§ **Problem**: Only a number is wanted here: the count of lines in the entries below that contain the word "Tiffany".

[Start of Attachment]

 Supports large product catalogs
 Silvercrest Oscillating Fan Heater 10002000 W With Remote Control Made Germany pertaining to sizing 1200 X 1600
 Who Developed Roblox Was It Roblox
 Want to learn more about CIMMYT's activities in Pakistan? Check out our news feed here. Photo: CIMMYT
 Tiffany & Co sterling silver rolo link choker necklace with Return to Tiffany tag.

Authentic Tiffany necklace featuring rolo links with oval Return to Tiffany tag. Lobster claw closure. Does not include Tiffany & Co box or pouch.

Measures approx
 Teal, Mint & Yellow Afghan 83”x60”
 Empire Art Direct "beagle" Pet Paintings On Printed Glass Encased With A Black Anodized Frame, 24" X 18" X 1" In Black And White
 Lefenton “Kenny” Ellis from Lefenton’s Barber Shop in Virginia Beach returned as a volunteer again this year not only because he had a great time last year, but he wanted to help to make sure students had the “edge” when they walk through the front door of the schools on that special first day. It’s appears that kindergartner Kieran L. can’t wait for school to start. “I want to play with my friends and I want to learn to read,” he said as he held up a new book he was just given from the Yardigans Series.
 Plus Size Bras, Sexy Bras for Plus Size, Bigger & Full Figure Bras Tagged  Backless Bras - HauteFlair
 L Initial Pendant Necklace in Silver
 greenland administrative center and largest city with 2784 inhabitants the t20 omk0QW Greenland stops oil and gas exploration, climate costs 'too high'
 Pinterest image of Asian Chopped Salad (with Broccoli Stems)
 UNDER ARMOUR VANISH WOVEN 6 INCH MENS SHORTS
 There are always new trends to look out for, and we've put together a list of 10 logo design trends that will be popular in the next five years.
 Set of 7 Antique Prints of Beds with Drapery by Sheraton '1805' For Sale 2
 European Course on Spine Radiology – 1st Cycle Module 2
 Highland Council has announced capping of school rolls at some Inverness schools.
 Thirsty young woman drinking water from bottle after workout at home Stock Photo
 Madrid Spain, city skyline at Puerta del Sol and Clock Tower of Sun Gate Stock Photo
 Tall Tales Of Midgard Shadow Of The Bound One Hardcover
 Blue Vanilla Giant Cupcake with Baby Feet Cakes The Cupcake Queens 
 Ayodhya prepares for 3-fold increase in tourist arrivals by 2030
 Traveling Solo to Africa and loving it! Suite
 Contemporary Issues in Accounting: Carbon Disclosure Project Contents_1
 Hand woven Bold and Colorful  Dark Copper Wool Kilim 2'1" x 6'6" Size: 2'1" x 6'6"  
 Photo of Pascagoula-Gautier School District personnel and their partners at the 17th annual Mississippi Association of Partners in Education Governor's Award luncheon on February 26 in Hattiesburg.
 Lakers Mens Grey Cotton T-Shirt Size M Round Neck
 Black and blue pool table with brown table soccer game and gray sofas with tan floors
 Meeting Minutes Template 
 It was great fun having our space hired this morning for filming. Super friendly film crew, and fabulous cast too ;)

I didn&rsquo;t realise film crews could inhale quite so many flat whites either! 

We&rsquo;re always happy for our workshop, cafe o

[End of Attachment]

§ **Written response**: 2